One aspect of administrative exhaustion concerns the court. Plaintiffs are required, under 42 U.S.C. § 2000e-5(c) and (e), to file a complaint with the Illinois Human Rights Commission before filing with the EEOC. The court's concern is based on plaintiffs' insistence in its discussion of the state counts that they need not exhaust their remedies before the Illinois commission. This suggests that they may not have thought it necessary to file their complaint with the Illinois Commission. It is possible, however, for plaintiffs to have failed to exhaust their state administrative remedies for purposes of bringing a state claim, while still satisfying the much more limited exhaustion required under federal law. The court simply notes this point, and accepts plaintiffs' allegations that exhaustion under federal law was properly accomplished.

DAVEA next claims that Title VII does not protect against discrimination based on the theory of "comparable worth." It devotes six pages of its memorandum to examining the leading cases on this difficult concept, County of Washington v.
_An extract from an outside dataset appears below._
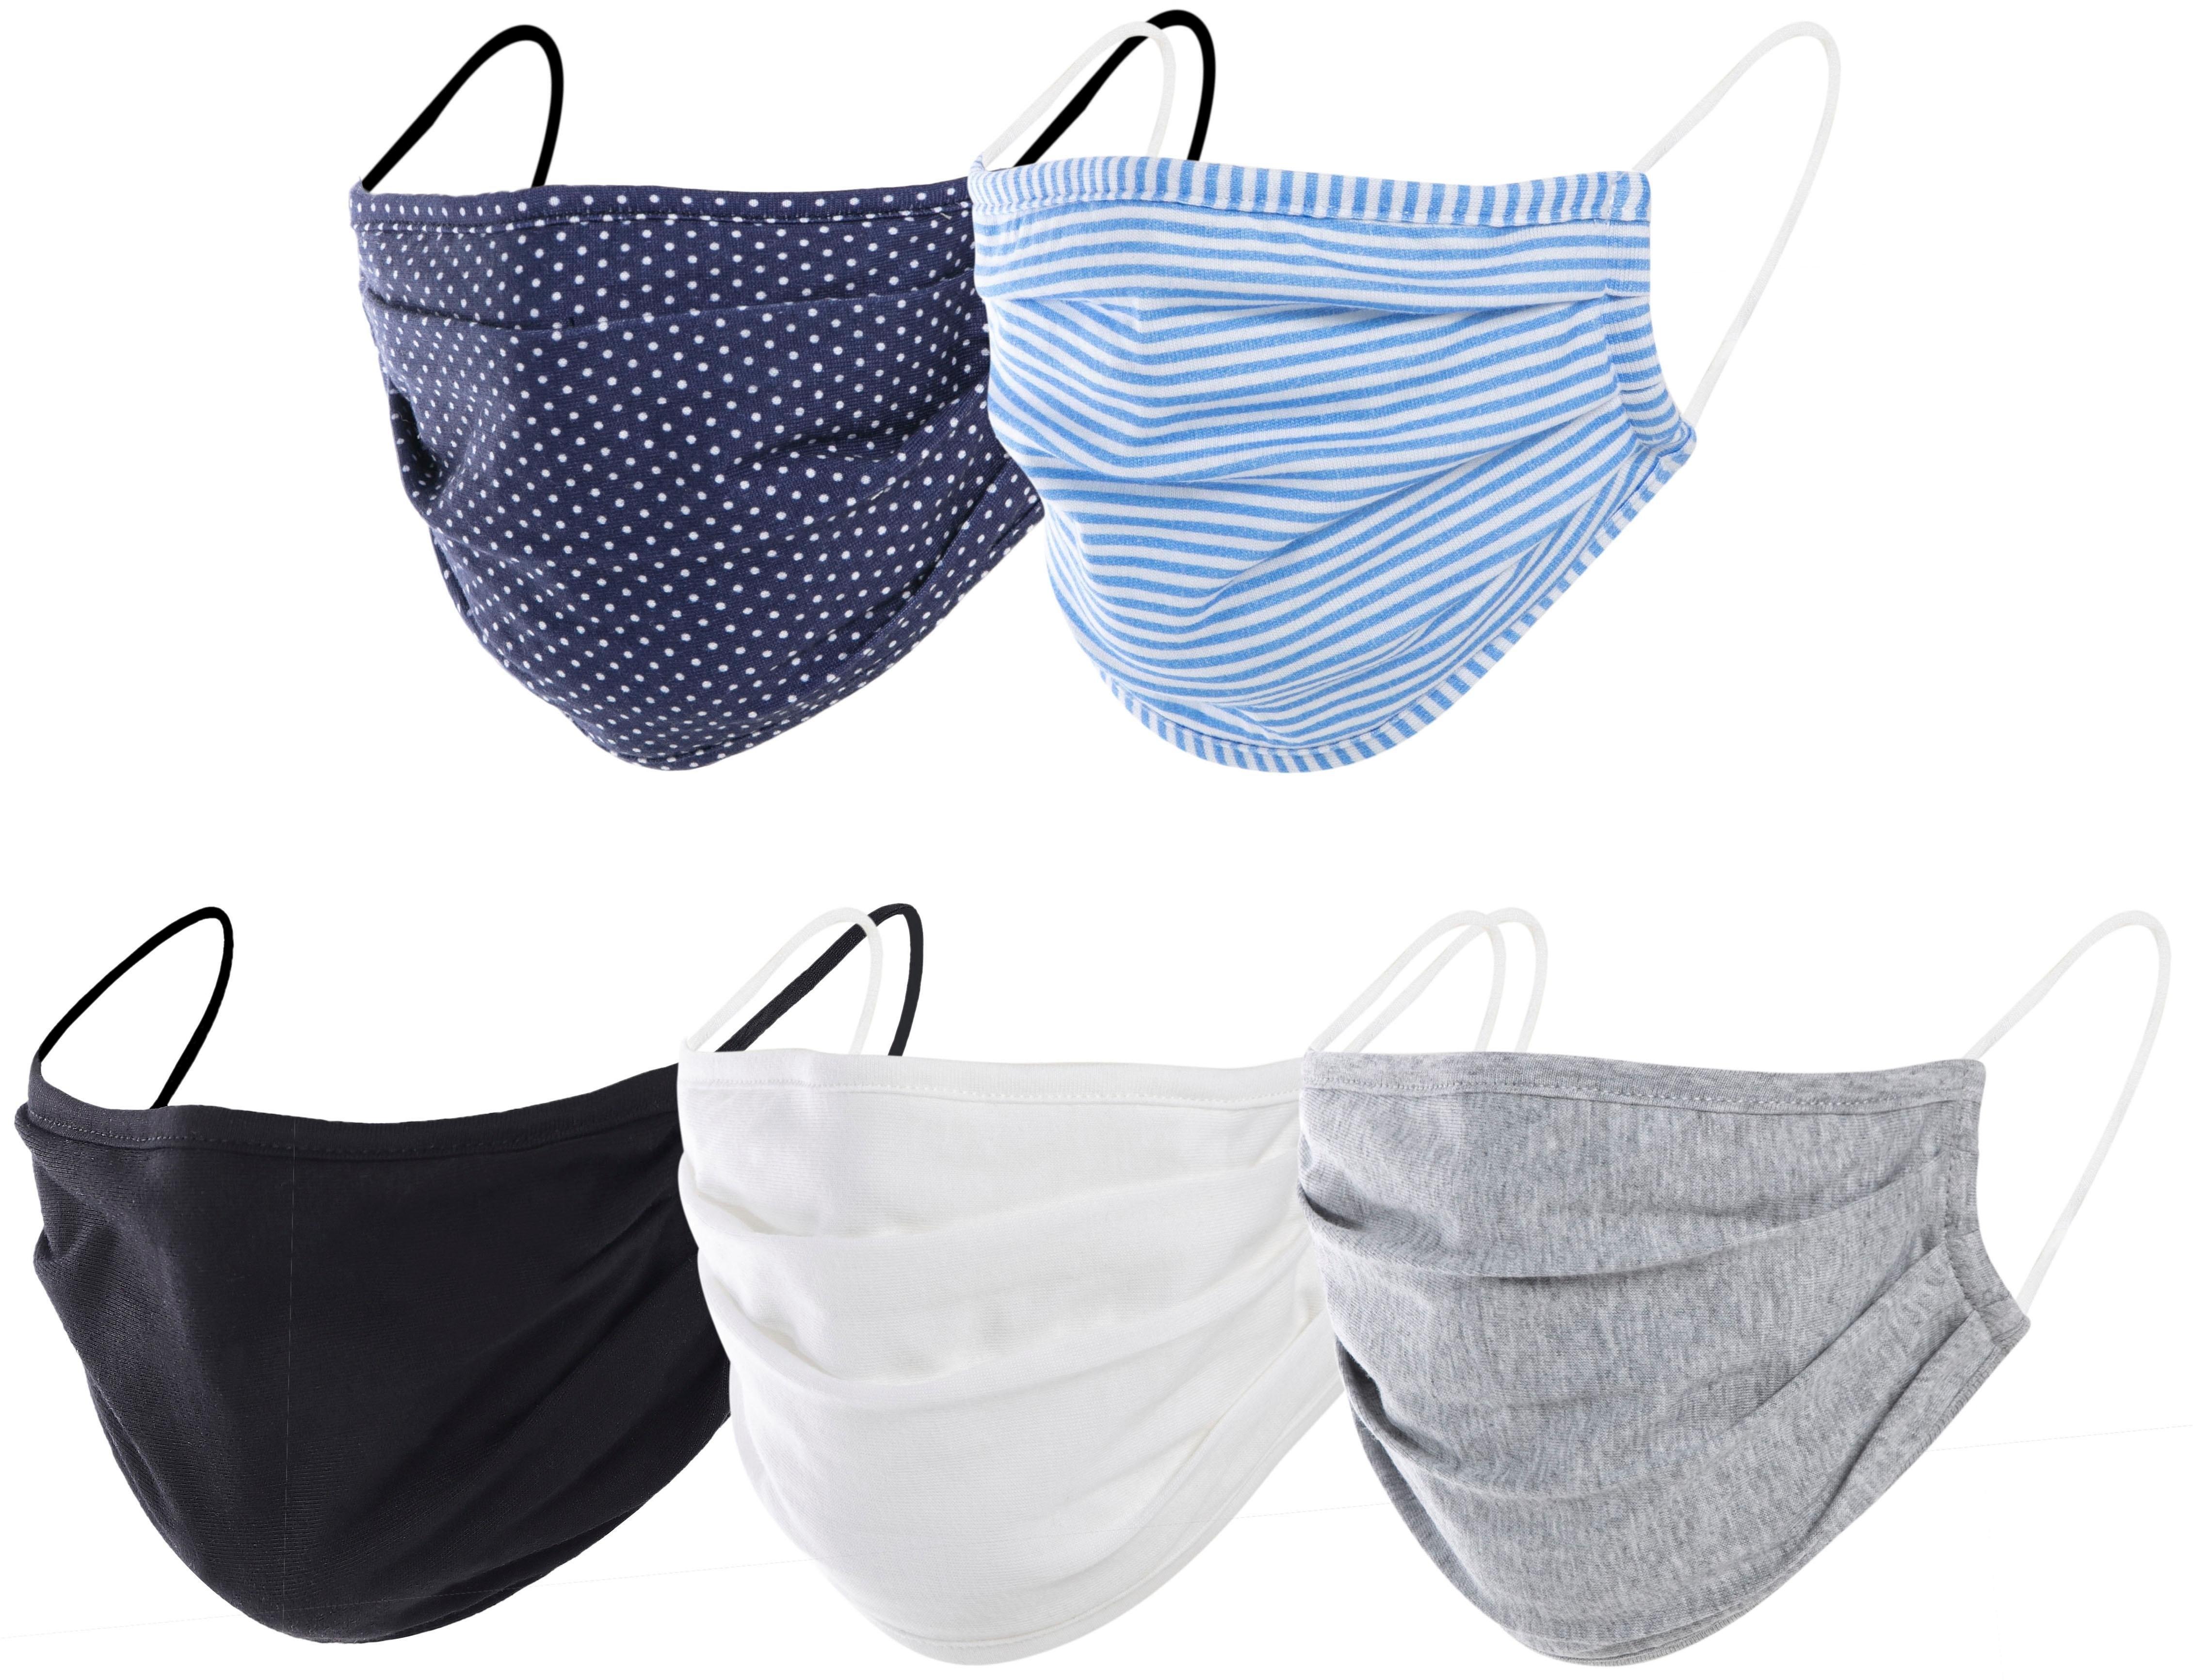 Otto Products Mondkapjes dames - set van 5 voordelig en veilig online kopen

Gunther, 452 U.S. 161, 101 S.Ct. 2242, 68 L.Ed.2d 751 (1981), and AFSCME v. State of Washington, 578 F.Supp. 846 (W.D.Wash.1983). The court deems a discussion of this issue is premature at this stage. Plaintiffs' complaint alleges that they were discriminated against by receiving less favorable terms and conditions of employment than "males performing equal, comparable, or equivalent duties and functions." (Complaint ¶ 5.) There is no indication in the complaint or in plaintiffs' memorandum, of what they mean by the word "comparable." Even if the court were to deem the word a term of art, meaning the theory of "comparable worth" (that is, for example, comparing the terms and conditions of employment of male truck drivers and female lab technicians), there is no indication from the general allegations of the complaint that plaintiffs are proposing such a theory. That they are not is supported by their grouping of the term with the words "equal" and "equivalent." Moreover, their use of the word on page four of the memorandum indicates that they do not understand the word to be a proxy for the "comparable worth" theory. The complaint, in sum, does not allow the court to ascertain whether plaintiffs are proposing that Title VII protects against discrimination between jobs with comparable worth. On the other hand, the complaint makes clear that it is comparing at least some jobs that are equal or equivalent. Based on these observations, the court will not reach the "comparable worth" issue. DAVEA is not injured by the court's deeming this issue premature, as even were the court to strike "comparable" from the complaint, allegations of discrimination against plaintiffs holding jobs "equal" or "equivalent" to those of men would prevent the court from dismissing the complaint.

Defendant's next claim is that plaintiffs have not alleged facts sufficient to state a claim under Title VII, § 1983, and the Equal Pay Act. While plaintiffs' allegations are not as specific as they could be, pl...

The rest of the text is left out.